- Я здоров как бык, - говорит он, - но вот дурные предчувствия...
- Натурально, - говорю я, - в вашем возрасте уже нельзя рассчитывать только на праздники. Мы с вами старики.
Он снова плачет.
- Что же с крестом? - спрашиваю я.
- О, мой бог, - вздыхает он, - это вот что... Случилось однажды вот что. Некий старый гренадер, участник многих походов, явился во время раздачи крестов Почетного легиона и потребовал крест для себя. "Но что ты сделал? спросил император. - Чем ты заслужил такую награду?" - "В Яффской пустыне, ваше величество, в страшную жару подал вам арбуз..." - ответил солдат совершенно серьезно. "Спасибо тебе, друг, - сказал император, - и еще раз спасибо. Я помню твою доброту. Но этого недостаточно, чтобы быть кавалером Почетного легиона". И тут старый солдат заорал: "Черт возьми! Значит, семи ран недостаточно! Я получил эти раны на Аркольском мосту, при Лоди, Кастильоне, у пирамид, в СенЖанд'Арке, при Аустерлице, Фридланде!.. Одиннадцать кампаний, черт возьми, в Италии, в Египте, черт возьми, Австрии, Пруссии, Польше!.." - "Тататата... - крикнул император, хватаясь за голову. - Не ори, старый друг!.. Лоди, Кастильоне, пирамиды... Почему же ты начал с арбуза?! Так бы и говорил..." - "Потому, - совершенно спокойно объяснил солдат, - что мне не пристало хвастаться перед императором своими заслугами". Император рассмеялся. "Я делаю тебя имперским кавалером, сказал он торжественно. - И тысяча франков ренты в придачу.
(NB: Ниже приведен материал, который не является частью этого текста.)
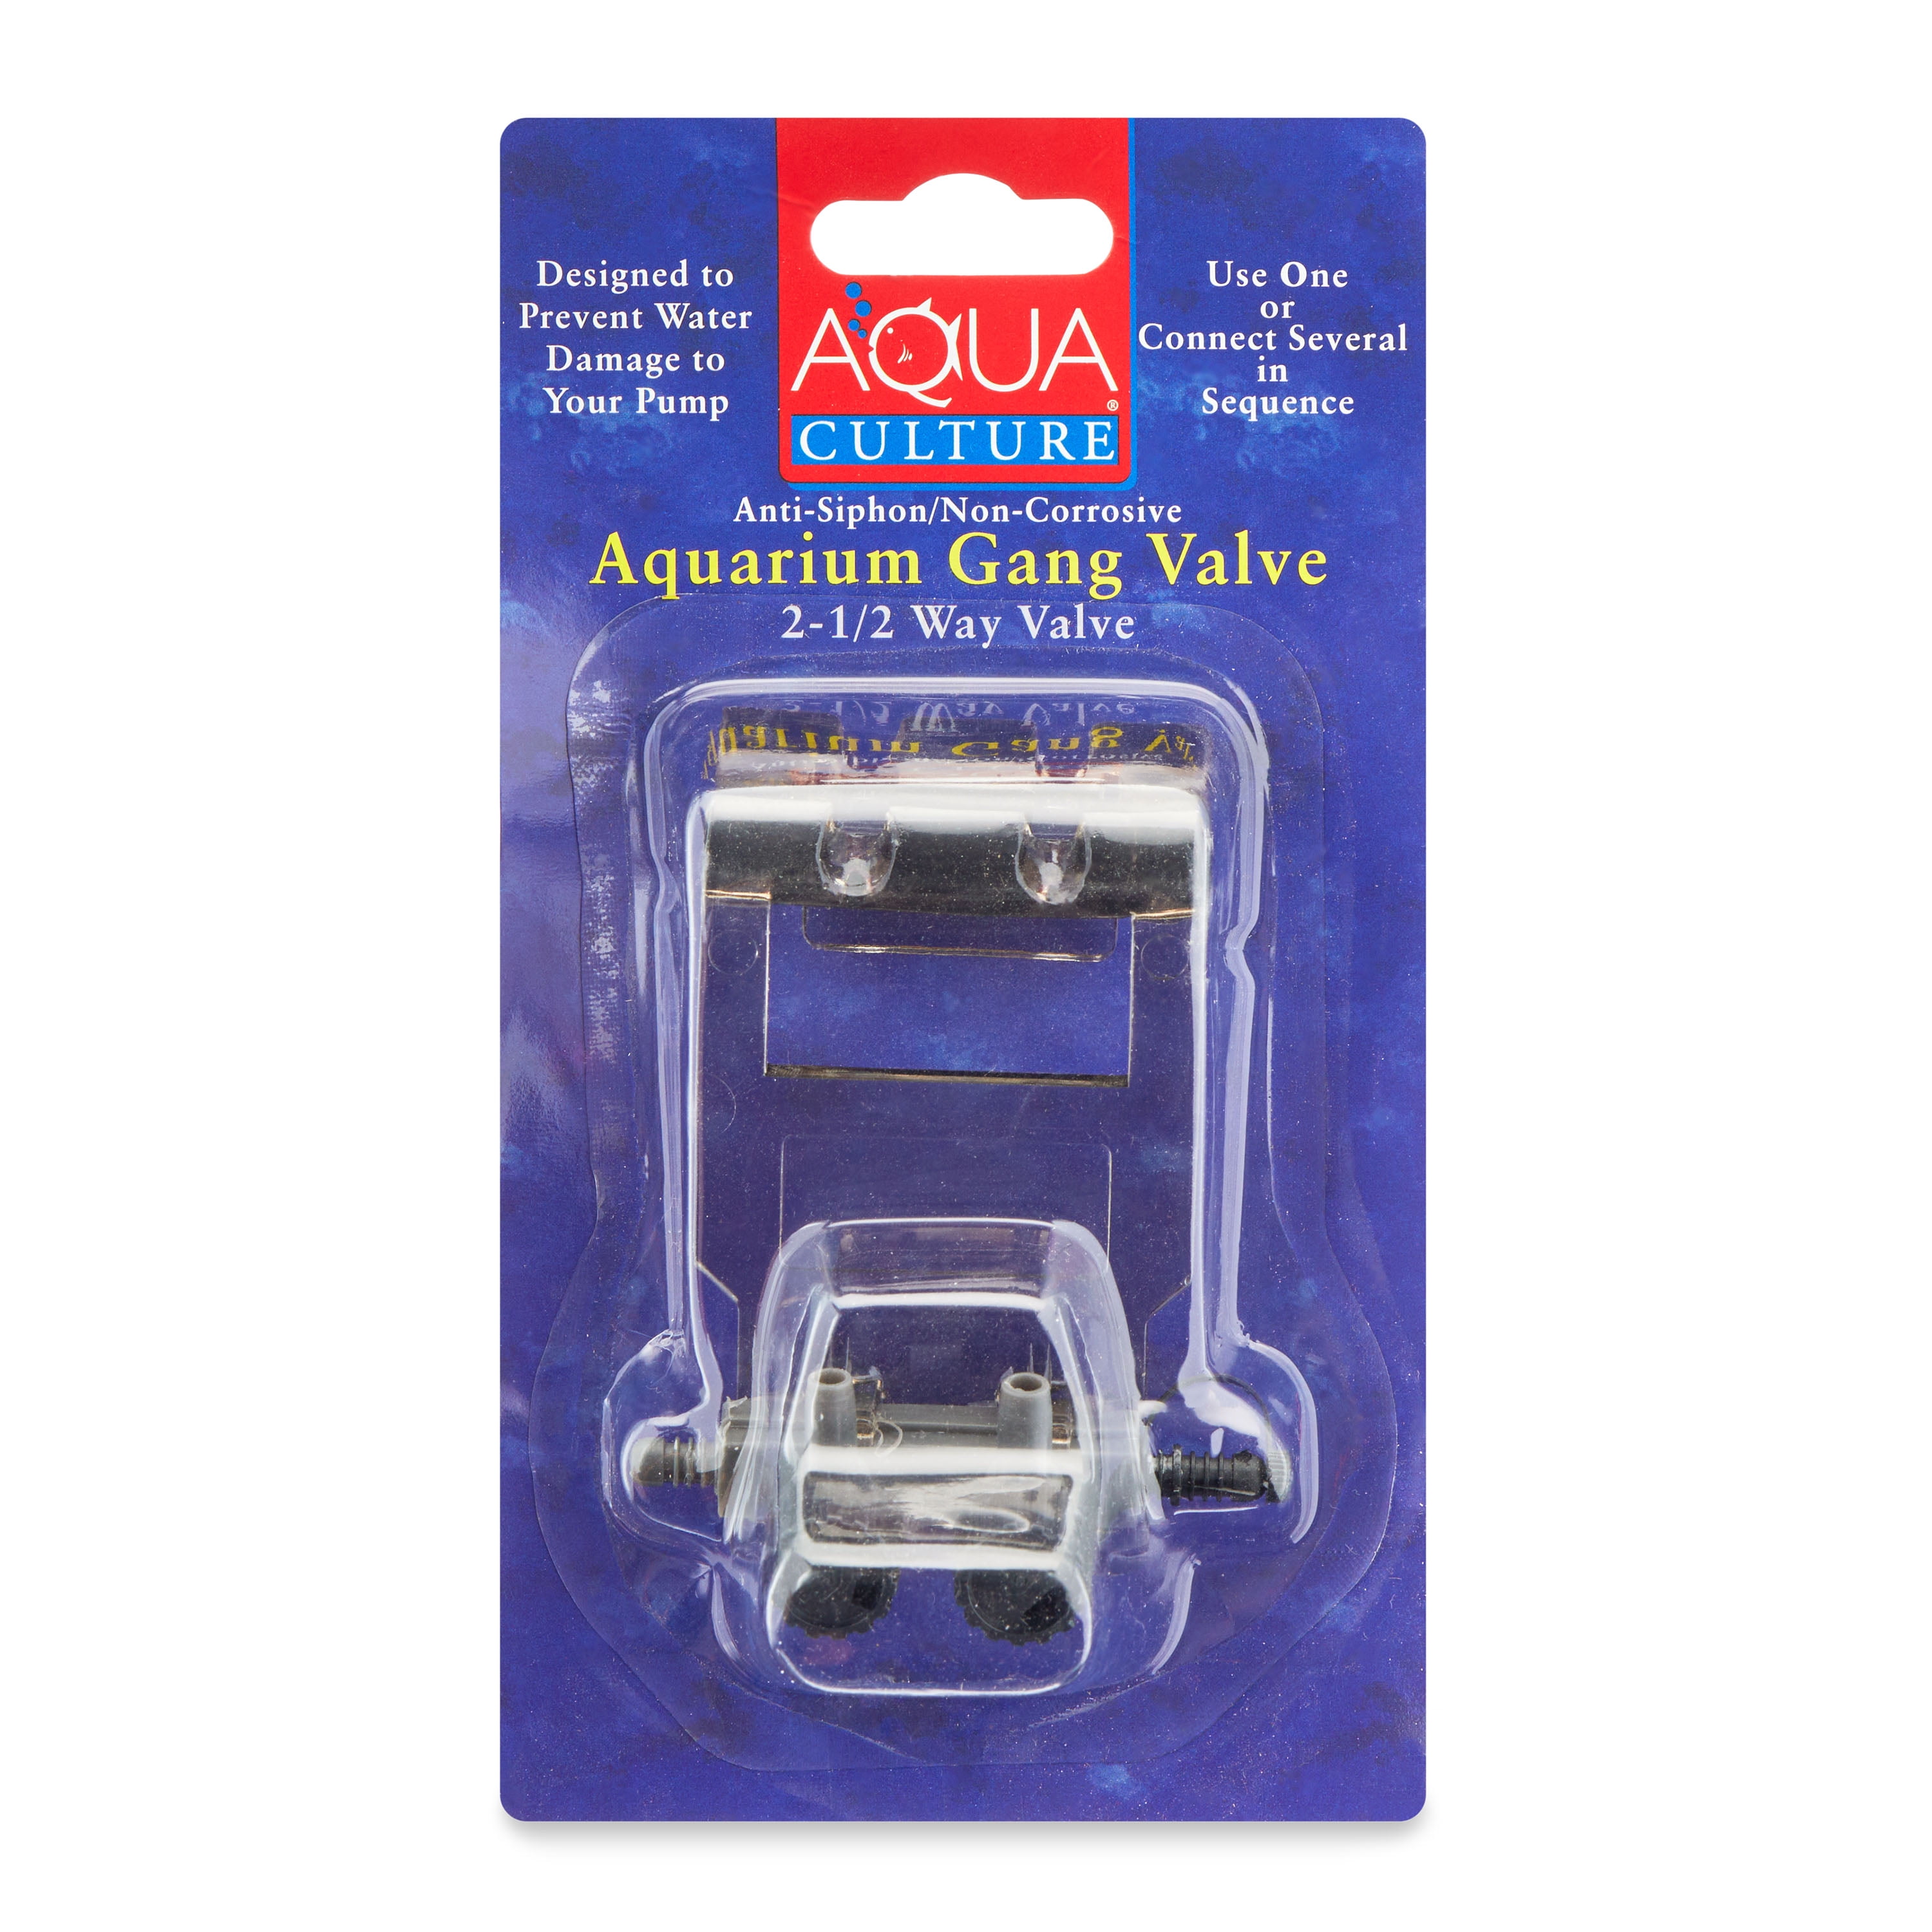 Aqua Culture 2-1/2 Way Aquarium Gang Valve

Ты доволен?!" "Нет, ваше величество, - сказал солдат, - мне этого ничего не нужно, а дайте мне крестик". - "Да у тебя и то и другое, - сказал император, - экий ты тупоголовый, старый друг... Ведь ты теперь кавалер, имперский кавалер!" "Нет уж, извольте крестик", - твердил гренадер. Император сам прикрепил орден к его мундиру, и солдат успокоился...
"Прелестно, - подумал я, - какие нравы! Он гений не только в баталиях. Пусть там открытия в стратегии, здравый смысл и полет воображения, внезапность и точный расчет, и предвидение, и предощущение, и риск... Пусть так. Но старый солдат орет на него, требуя крестик за кровь, крестик, прости господи, орет, распаляя честолюбие, то самое, императорское, которое и у него в душе, орет, как орал маршал Ожеро, сын лакея и торговки, или великий Ней, отпрыск мастеровых, или престарелый маршал Лефевр, крестьянское дитя. Он орет, этот старый гренадер, требуя почета, и меж ним и императором, меж низшим и высшим возникают незримые узы, свитые из общей их славы".
Что же меня оскорбляет? Эти узы меж ними?
По утрам прилетают редкие прозрачные серые хлопья смоленского пепла и впиваются во все живое. Потом на белой одежде отпечатываются крохотные их силуэты... Меня унизили в моем собственном доме! И страдания Франца Мендера, боюсь, вотвот вспыхнут в моей душе. Когда б ты знал, мой гость печальный, как чист соблазн первоначальный!.. Я унижен. Минуй меня безумие, овладевшее покойным Сашей Опочининым. Ни в рот себе я не выстрелю, не иссохну в преддверии парадного обеда. Ни жестом, ни словом не выдам... Все там будем, кто раньше, кто позже. А вы, господа, отправитесь со мной, покуда еще август на дворе и небеса черны, в обнимку, господа, все вместе, и правые и виноватые, будь мы все неладны! Господь милосердный, ежели Ты всемогущ, вели нас высечь, забей шомполами и после, когда мы все соберемся у врат, толпясь, стеная и виня друг друга, Ты снизойди к нам... Стадо, стадо!.. Воистину стадо в лохмотьях, в коронах, позвякивающее железками, опухшее от самодовольства, от тупости... Забей нас шомполами!..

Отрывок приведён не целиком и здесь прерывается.